As is implied berthing a yacht, in cross winds and adverse tides is all about preparation. I'd advocate setting up mooring lines and fenders on both sides, in case you want to change your mind. I'd attach the mooring lines to the cleats on the yacht and then laying the lines 'outside' the lifelines and bringing them to a 'central' point, the place most convenient for you step ashore, which will probably be aft near the throttle and helm. If you want to swap to attaching to the pontoon cleats - you can do that later.
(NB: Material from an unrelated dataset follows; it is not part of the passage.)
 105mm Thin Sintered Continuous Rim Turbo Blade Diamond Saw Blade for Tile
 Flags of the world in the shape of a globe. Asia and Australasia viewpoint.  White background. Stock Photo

I think my procedure, 10m yacht, was similar to that of Concerto. We had cleats bow and stern and one amidships. I'd attach the bow and stern lines and have them terminating (the shore ends) at the same place (so bring the bow one aft and the stern one forward) - then I can step ashore picking up both ends at the same time - I now have the bow and stern lines in my hand and I'm on the pontoon. If the bow is falling off preferentially over the stern - deal with the bow. But as you are probably stepping off nearer the stern simply take a loose turn with the stern rope round the appropriate pontoon cleat and whilst still holding the stern line walk forward and do the same with the bow line - you can now control both bow and stern.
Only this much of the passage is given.